Приключение, оборвавшееся после первого диалога, я продолжил в стихах:

Вы голову несли, как вымпел.

Загадочна,

Как незнакомое, чуть освещенное окно.

А дальше?

Милая, ну кто бы вас не выпил,

Как за обедом легкое вино?

Пречистенка.

Две маленькие неяркие звезды из-за трубы балашовского особняка взглянули на меня глазами человека, заболевшего желтухой.

— Приехали, Сережа, — тихо сказал я, беря его за руку.

Всю остальную часть ночи он пил свой есенинский коктейль — водку с пивом. Это был любимый напиток наших нижегородских семинаристов. Они называли его ершом и пили чайными стаканами.

А женщину в норковой шубке я встретил через двадцать семь лет в коридоре мягкого вагона «Москва — Сочи». Она уже была почти старухой. Старухой с широким задом и полными руками в синих жилках, как на мраморных пепельницах. Но улыбалась все так же мило, стараясь не обнажать зубы, которые больше были похожи на пенковую прокуренную трубку, чем на поддельный жемчуг. Но улыбка, выражение глаз сохраняются несколько дольше, чем кость и кожа вокруг век.

— Я вас узнала с первого взгляда, — сказала женщина, — а вы меня… с третьего.
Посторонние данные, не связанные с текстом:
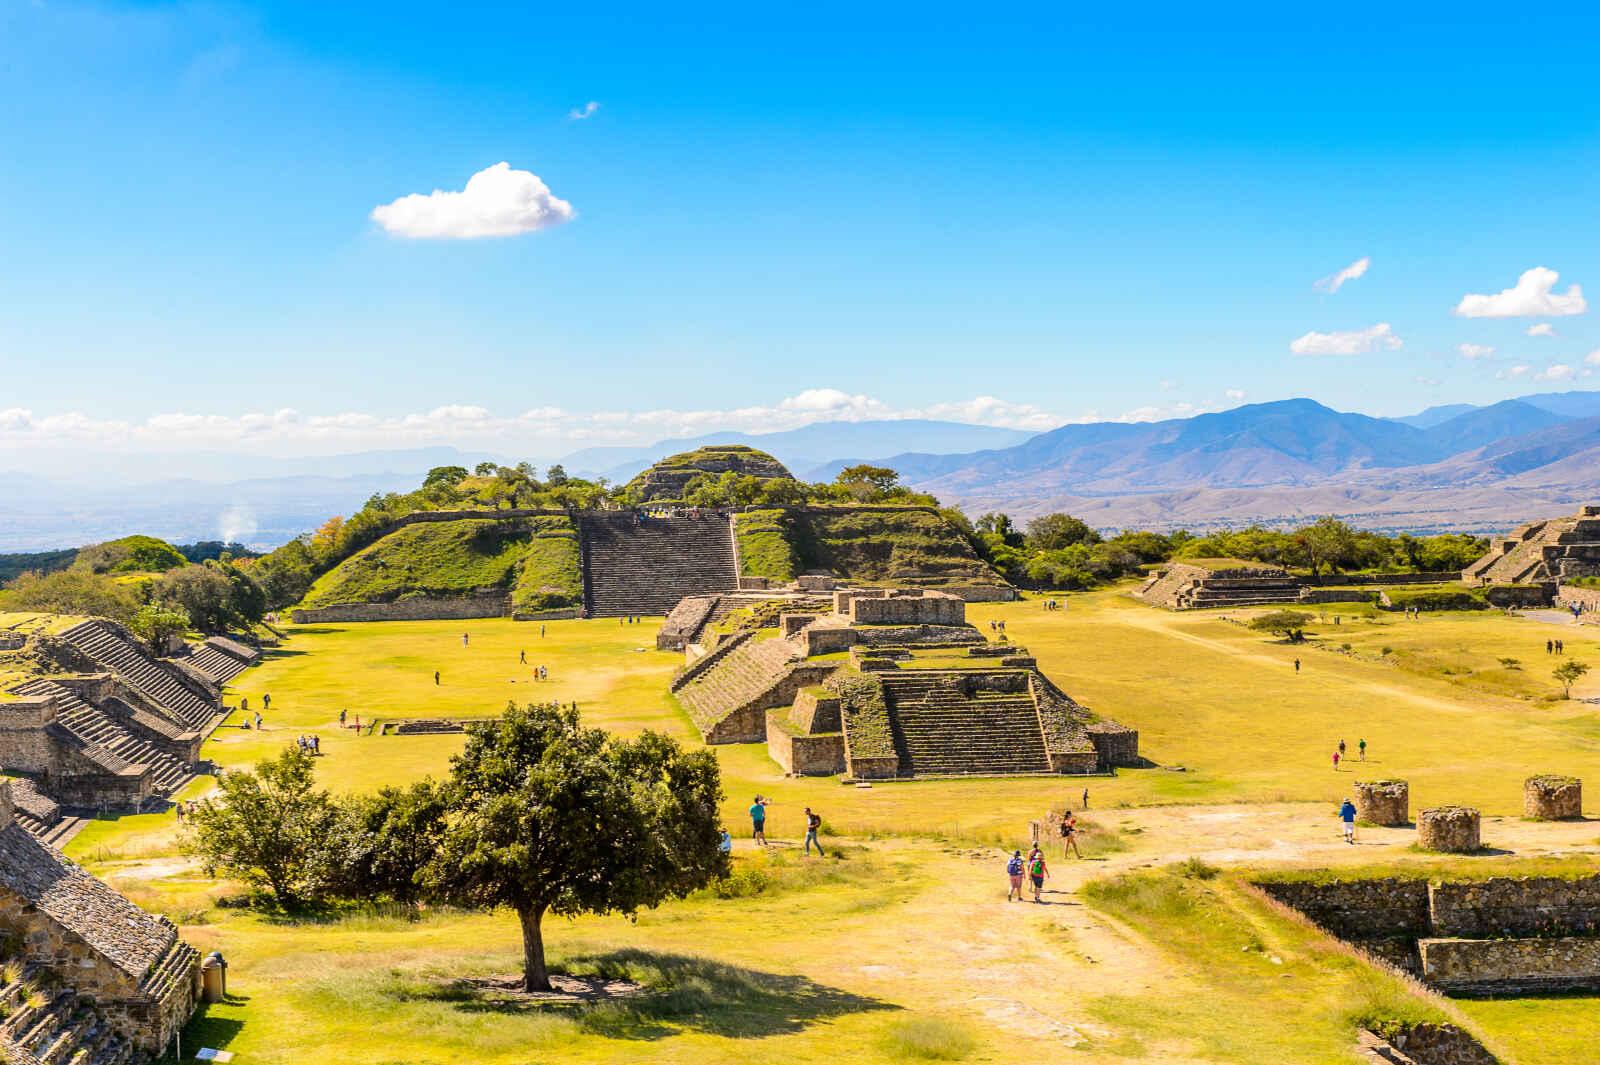 Mexique : Cités dorées du Mexique

Правда?

— Правда, — ответил я, так и не научившись быть очень приятным.

У каждого человека есть своя маска. Ее не так-то легко сбросить.

На другой день в балашовский особняк пожаловал поэт Петр Орешин.

— Дай, Серега, взаймы пять червонцев, — сказал он Есенину. — В субботу отдам. Будь я проклят.

— Нет ни алтына, душа моя.

И Есенин, вынув бумажник, бросил его на стол:

— Все, что найдешь, твое. Без отдачи. Богатей!

Он имел обыкновение рассовывать деньги по карманам. Но на этот раз во всех было пусто.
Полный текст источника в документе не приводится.